LONDON.- London-based artist Stephen Willats is a pioneer of conceptual art and has made work examining the function and meaning of art in society since the early 1960s. Willats' first
South London Gallery exhibition in 1998, Changing Everything, was the culmination of a two-year project with local residents. Aiming to create a cultural model of how art might relate to society, the work was made with and invigilated by the project's participants, and visitors were also invited to make their own contributions to it. Fourteen years later, Willats' new show, Surfing with the Attractor, re-presents material from Changing Everything alongside a new installation featuring a huge data stream spanning 15 metres and made in collaboration with 14 London-based artists. Comprising hundreds of carefully ordered images from diverse media, the data stream documents two contrasting streets in London: Rye Lane in Peckham and Regent Street in the West End. Willats' intention for the data stream is to present a dynamic picture of the transient world we live in, with its constant change and movement embodying the relativity in the perceptions that people create for themselves.

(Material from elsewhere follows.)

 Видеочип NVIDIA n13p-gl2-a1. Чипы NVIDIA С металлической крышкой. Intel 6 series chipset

Extending beyond the gallery space, the show also includes films from the data stream shown on monitors in shops on Peckham Road and Camberwell Church Street, and graphic stickers will be widely distributed.

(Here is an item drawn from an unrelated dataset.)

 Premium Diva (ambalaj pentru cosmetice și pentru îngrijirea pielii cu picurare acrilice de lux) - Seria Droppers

The data stream is a diagrammatic representation of a multiplicity of individual viewpoints on a shared experience, in this case that of walking down two contrasting streets of London. In 2011, Willats worked with artists living in New York to create Data Stream Portrait of New York, presented there at his exhibition, The Strange Attractor, at Reena Spaulings Fine Art. The data streams for that show and for Surfing with the Attractor were made through a process of allocating each participating artist a medium (such as a disposable camera, digital camera, video camera, audio description, rubbing etc.), and a 'channel', such as 'facial expressions' or 'signs of nature', within which to frame their documentation of the two very different streets. Willats then worked with some of artists to edit and 're-media-ise' their documentation into the diagrammatic format of the data stream in which the multiple viewpoints and channels are brought together. Cutting across the gallery space, the vast data stream divides it in two, analogous to the separation between the two streets recorded, and invites visitors to create their own walks, both through the gallery and along the two streets, via whichever channels they choose to focus on. The mass of information presented in the data stream, and visitors' interaction with it, combine to make a clear and powerful statement about Willats' understanding of reality as a cultural phenomenon which is shared and present within everybody's consciousness, albeit through individual and therefore differing registers.
The contributing artists are: Gareth Bell Jones, Laura Bygrave, Reem Charif (Febrik), Lucy Clout, Alex Crocker, Philip Ewe, Luke Kemp, Nicholas Lawrence, Harold Offeh, Paul Pieroni, Philomene Pirecki, Ros Taylor, Edward Thomasson and Laura Wilson.
This exhibition also re-presents a colour data stream from Changing Everything in 1998, made from footage shot in the 1990s around the South London Gallery, alongside film works on 14 monitors.